(WHAT IS BEING ASKED): Restate the data below word for word. Skip any images it contains.

(PROVIDED DATA):
------------------------------------
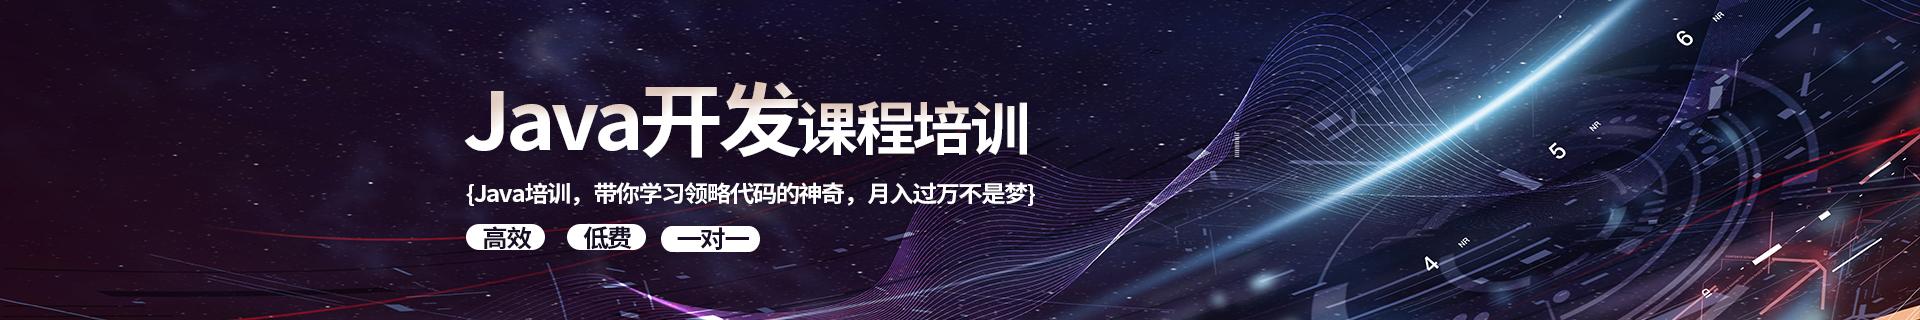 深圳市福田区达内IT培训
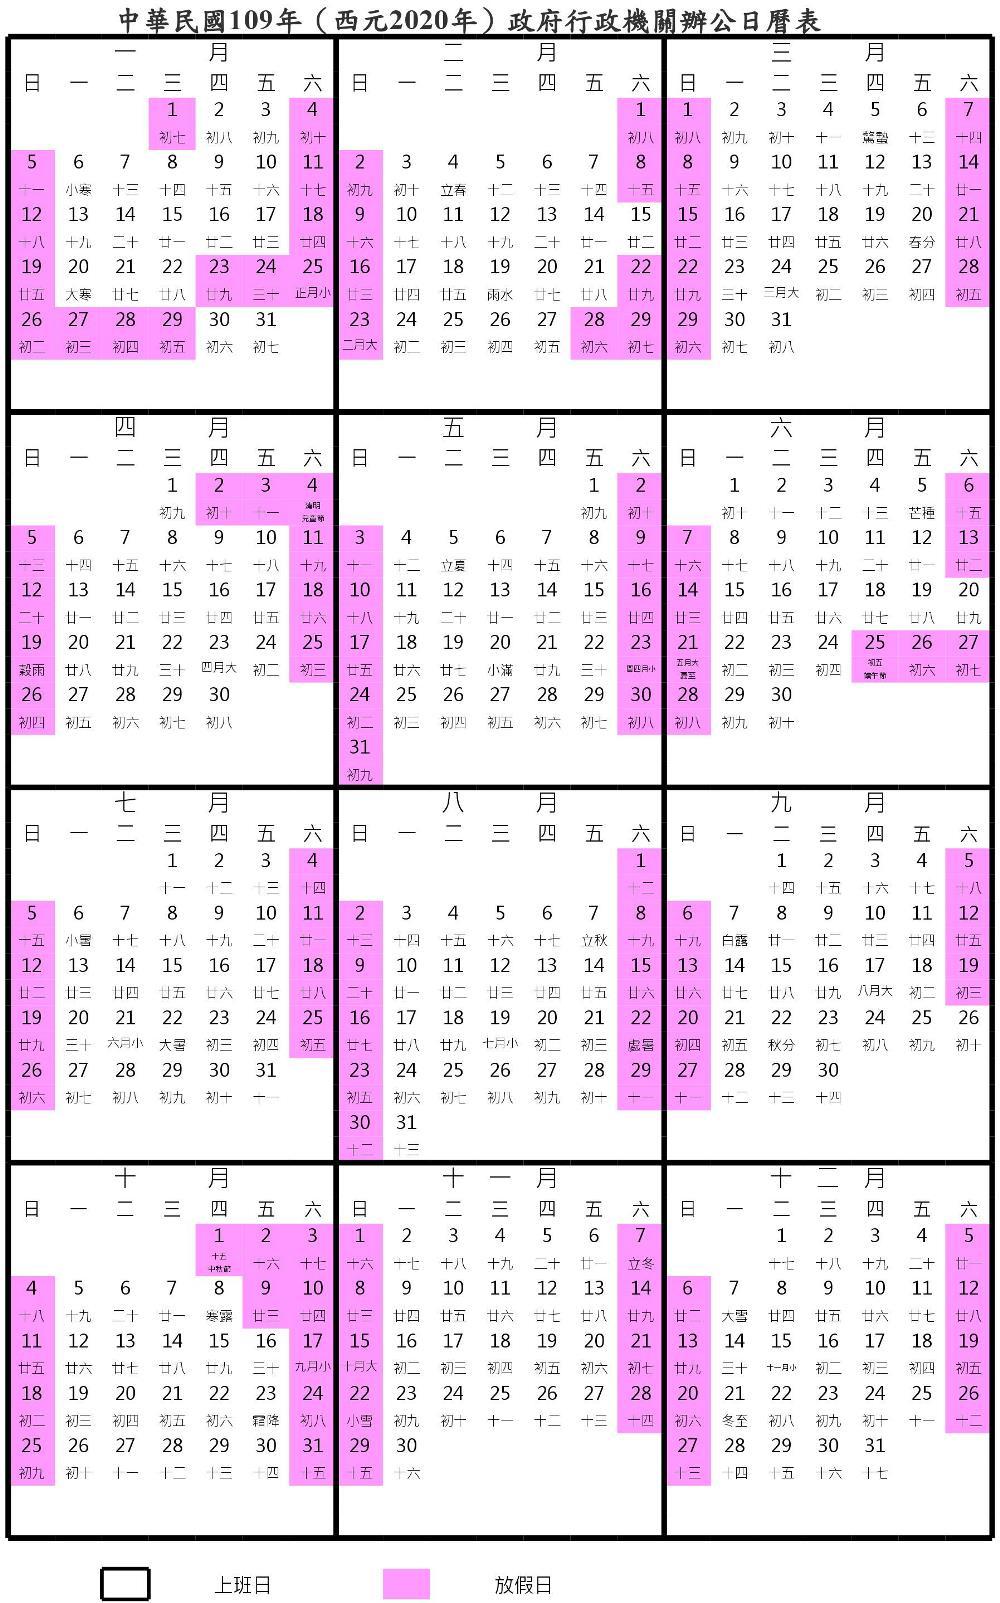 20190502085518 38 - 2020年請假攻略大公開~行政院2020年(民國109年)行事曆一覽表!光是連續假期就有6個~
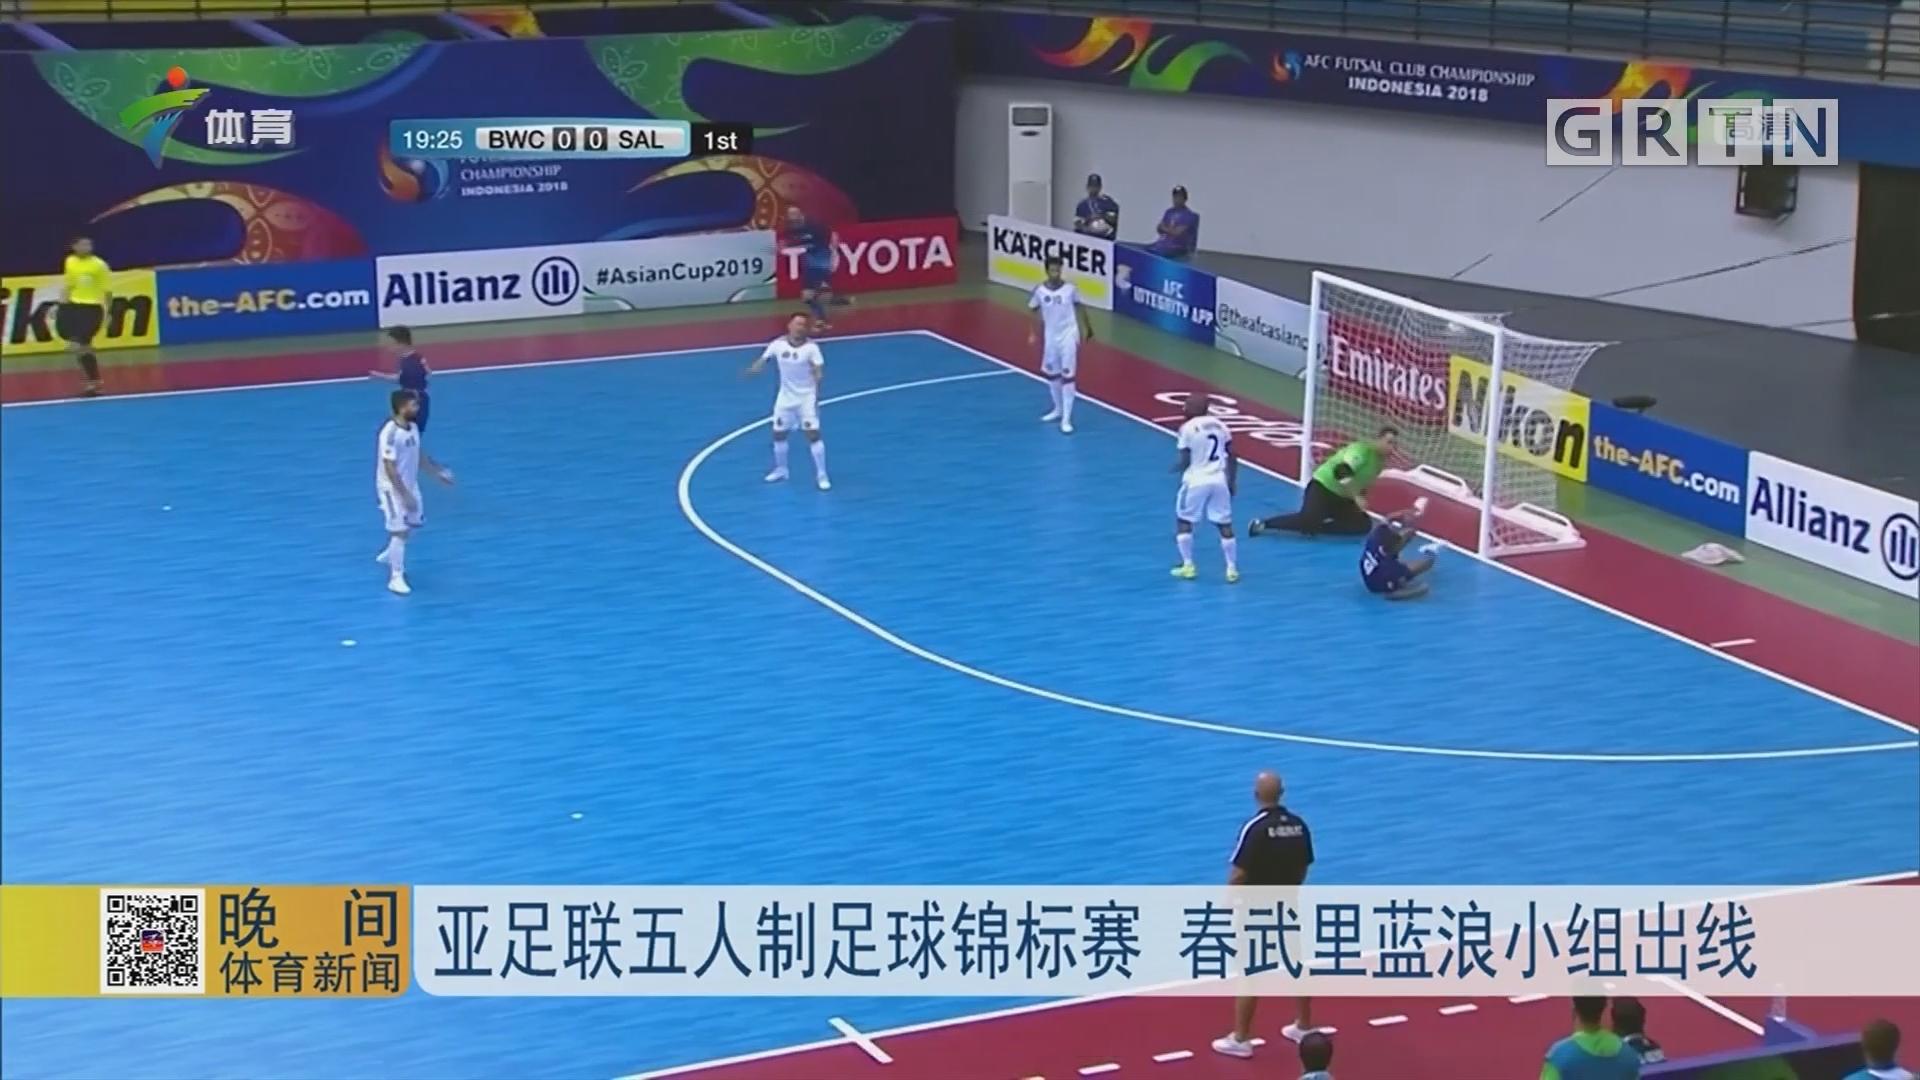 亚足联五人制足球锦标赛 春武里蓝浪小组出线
------------------------------------
(EXPECTED ANSWER):
 深圳市福田区达内IT培训
 20190502085518 38 - 2020年請假攻略大公開~行政院2020年(民國109年)行事曆一覽表!光是連續假期就有6個~
 亚足联五人制足球锦标赛 春武里蓝浪小组出线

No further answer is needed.